Sur ce chemin de dialogue et d’amitié spirituelle, il m’est venu de vous proposer d’organiser un pèlerinage islamo-chrétien, à Jérusalem, sur les pas de la Vierge Marie, pour la fraternité universelle… Les lieux où nous rendre sur ses pas ne manquent pas : Marie a vécu avec les apôtres à Jérusalem après la mort et la résurrection du Christ. Selon la tradition, elle y restera jusqu’à la fin de sa vie, remontant le chemin de croix tous les jours afin de revivre les épreuves endurées par son fils. L’assomption de Marie aurait eu lieu à Jérusalem, en présence des apôtres. Il existe encore aujourd’hui une église qui a été édifiée près du Mont des Oliviers. Elle serait le lieu de sépulture de la Vierge, vénéré par l’Église orthodoxe. Jérusalem abrite également l’abbaye de la Dormition, confiée aux moines bénédictins. D’après les traditions orthodoxes et catholiques, l’Assomption de Marie aurait se serait déroulée sur l’un de ces deux sites. En tout cas, le grand moment de notre pèlerinage pourrait-être au Cénacle, lieu qui désormais n’appartient à aucune religion, où nous serions donc tous chez nous, et où se trouve un beau mihrab sculpté devant lequel nous pourrions prier en silence, ensemble, à l’exemple de ce que fit Benoît XVI dans la Mosquée bleue il y aura bientôt quinze ans.

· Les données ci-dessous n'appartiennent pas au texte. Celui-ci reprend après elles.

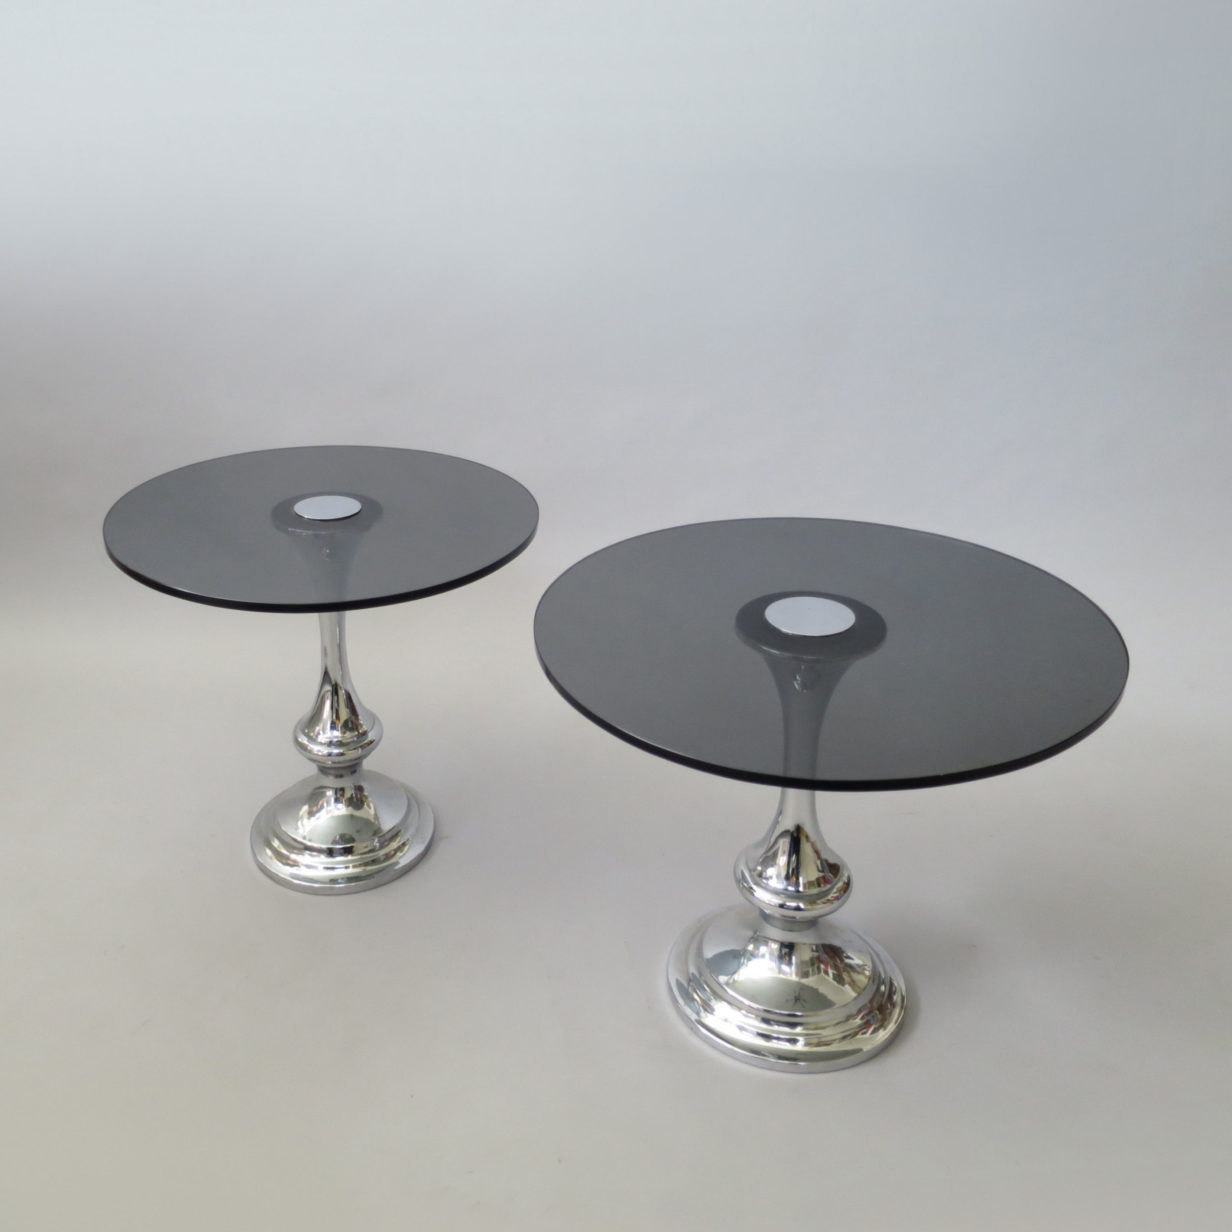 A pair of glass and chrome low tables

Au fond, le « mihrab » vers lequel nous avons à nous tourner ensemble, c’est sans doute notre cœur, pour y découvrir comme Marie la présence vivante de Dieu, mais cela est un chemin personnel que nous avons toute la vie pour accomplir.
François Vayne
3 Comments
Merci cher ami, vos contributions et vos témoignages nous redonnent de l’espoir. Et nous en avons besoin en ces moments de grande tourmente.
Merci
Merci cher Abdelhamid!
On continue, ensemble.
François
Merci pour ce bel article !
Dans mon expérience d’animatrice en pastorale en collège catholique, les échanges avec les jeunes musulmans sont nombreux ! La douceur de Marie nous enveloppe, à travers cette statue de Notre Dame de Fatima offerte par une élève musulmane après un voyage au Portugal et posée en haut de l’armoire de la salle pastorale. Elle suscite des questions, elle invite au dialogue. Les peurs s’estompent. La confiance mutuelle s’installe. Dieu est au coeur.